2) The paper could benefit from a more detailed discussion of the limitations and challenges faced by the proposed graph-based method.
3)The paper could acknowledge and discuss potential biases in the training data or methodology, along with any steps taken to mitigate them. This transparency is crucial for responsible AI development.

Review #3
Anonymous submitted on 05/Apr/2024
Suggestion:
Reject
Review Comment:

Originality: The paper lacks any novel contribution. The module just merges the two existing architectures and answers the question.

Significance of the results: The authors have shown the comparison of the proposed model (GraphMDR) with individual building blocks, PullNet, and MDR rather than proper baselines. These experiments are merely ablation studies. The authors mentioned different baseline models in section 3.3 but never used them in experiments.

Quality of writing: Writing quality is extremely poor. The grammar in a lot of sentences needs to be corrected. Some of the issues in writing are stated below -

- Captions of tables and figures need a proper description.
- The structure of the paper is not free-flowing and hard to follow. There are various instances where terms and variables have been used earlier and explained later.

- Introduction Section:
- The definition of IR in the second paragraph - "The goal of an IR system is to find documents containing the answer to the query." What if the document size is in TBs? Would the goal of IR still be to find the documents?
- The last line in the second paragraph - "Therefore, QA is closely related to other fields, such as natural language processing (NLP) and machine learning (ML)." IR is not related to ML and NLP?
- Third paragraph - Add citation.
- Sixth paragraph - Which problems citation [13] solve? Why are people shifting to multi-step inference? What were the issues with previous versions that the multi-step inference solves?
- Eighth paragraph - I can see only KB-based questions in Q1 and Q2 (Table 1). There are no Text-based questions.
- The third contribution is just the first and second contribution combined.
- Last paragraph - No mention of section 7.

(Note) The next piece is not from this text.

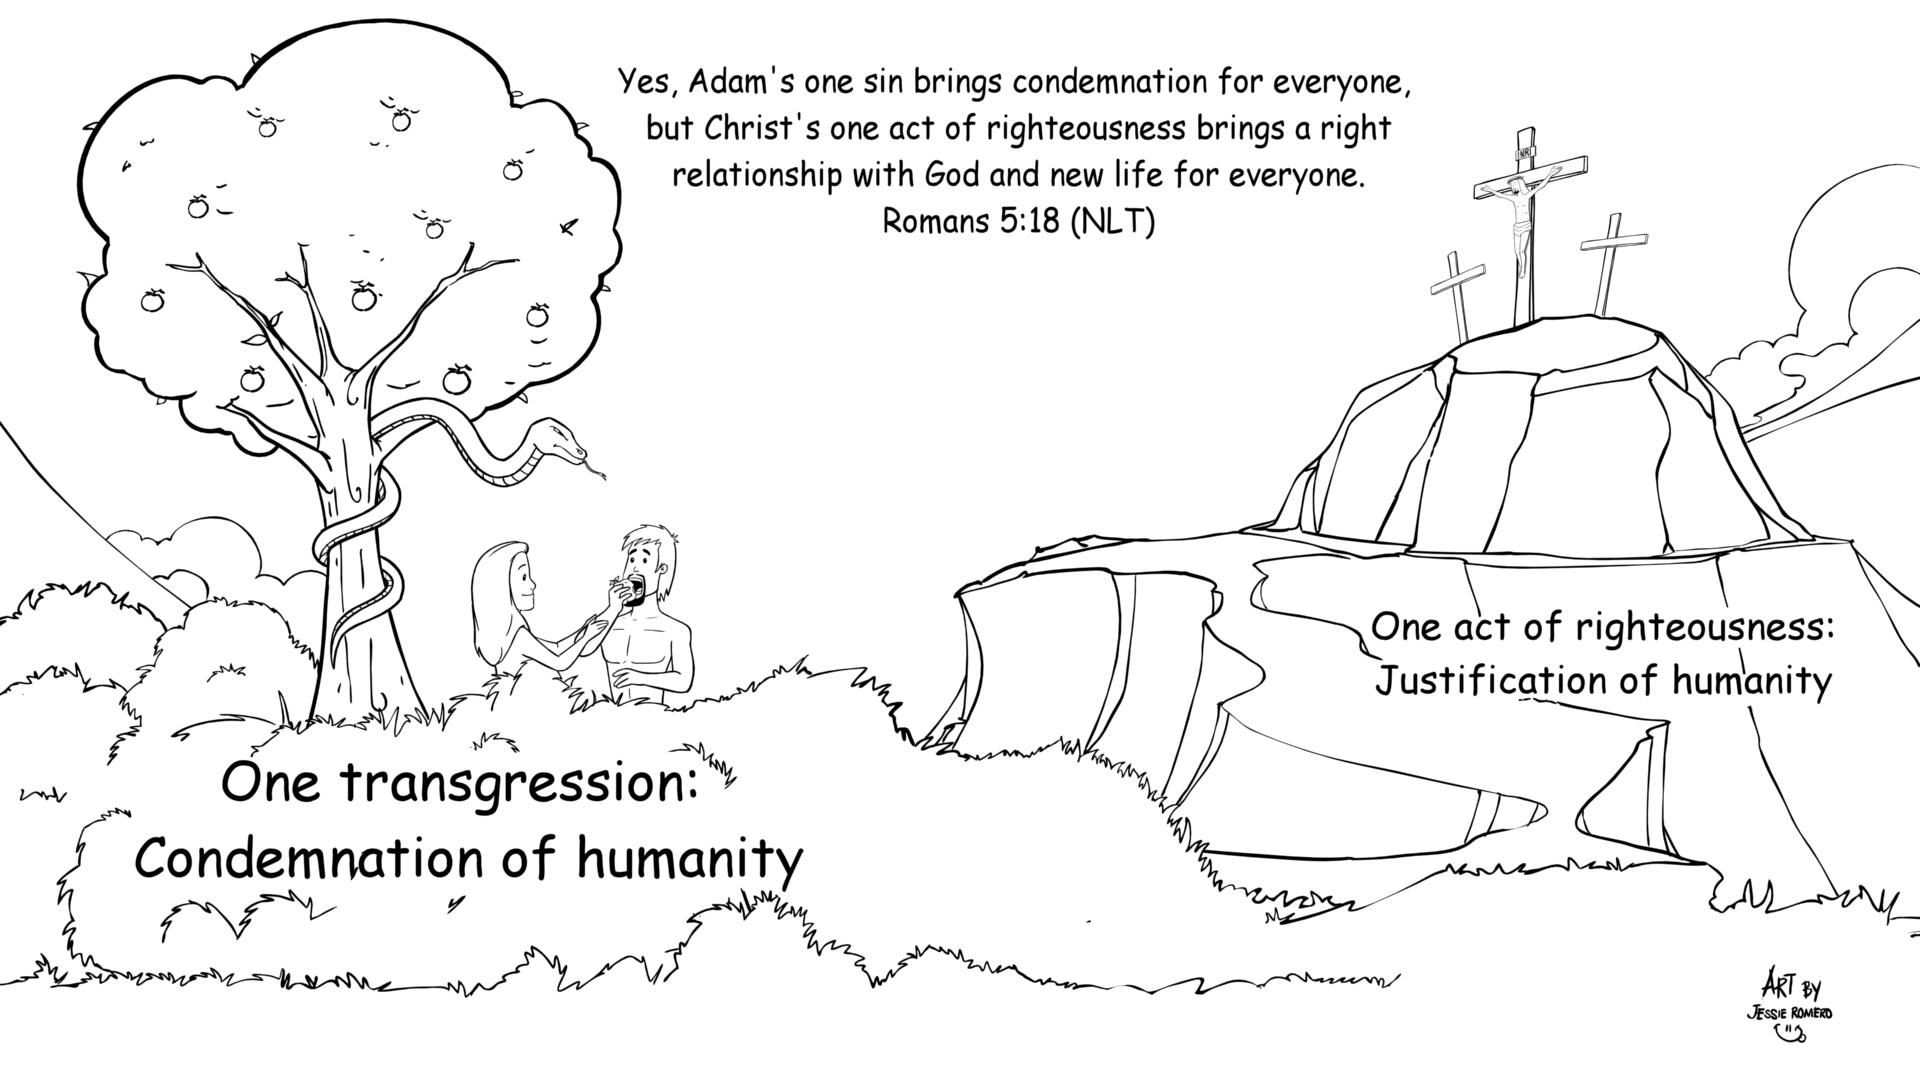 One act of righteousness - Justification of humanity .jpg

- Related Work - first sentence in Semantic parsing methods - Add citation.
- Section 4.1 Different variables in paragraph, and different variables in Figure 2. Multiple variables are present in the figure, but there is no description in Section 4.1, first mentioned in Section 5.1.1.
- Figure 2 needs reconstruction; multiple details are missing, and the knowledge graph on the right is not visible.
- Duplicate figures are constructed in place of 1 (For example, Figures 2 and 5).
- Multiple variables in equations 1 and 2 are not described in the following paragraph (sq_t).
Duplicate figures are constructed in place of 1 (For example, Figures 2 and 5).
- The same equation is repeated multiple times (Equations 7 and 9).
Section 5, last paragraph (before 5.1) - Authors have treated documents, passages, and sentences as a single label, which is wrong.
- What is v_f in Figure 4? No mention in the paper.
- What is the existing new entity in 5.1.1.1? Is it an existing entity or a new entity?
- The sequence of sections - 5.1.2 - 5.1.3 - 5.1.2?

Places that need re-writing -
- Line 5 abstract.
- Introduction section, 10th paragraph, first line - "Another important challenge of existing hybrid systems is the ability to explain, which means explaining how to arrive at the final answer."
- Section 3.3 is hard to follow.
- Section 4, first paragraph.
- Section 4.1.
- Section 5.1 - paragraphs 2 and 3, with formulas, are difficult to understand. Also, probability P is mentioned differently in the two instances.
- Figures 2, 3, and 4.
- Section 5.1.1. 4th paragraph.
- Section 5.1.1.2.
- Section 5.1.2. 1st paragraph, last line.

Readme: The readme of the complete code needs to be added; how do you access the complete code, and what is the flow of it? We have a readme of individual modules based on the original papers and no unified version to create an environment to run code.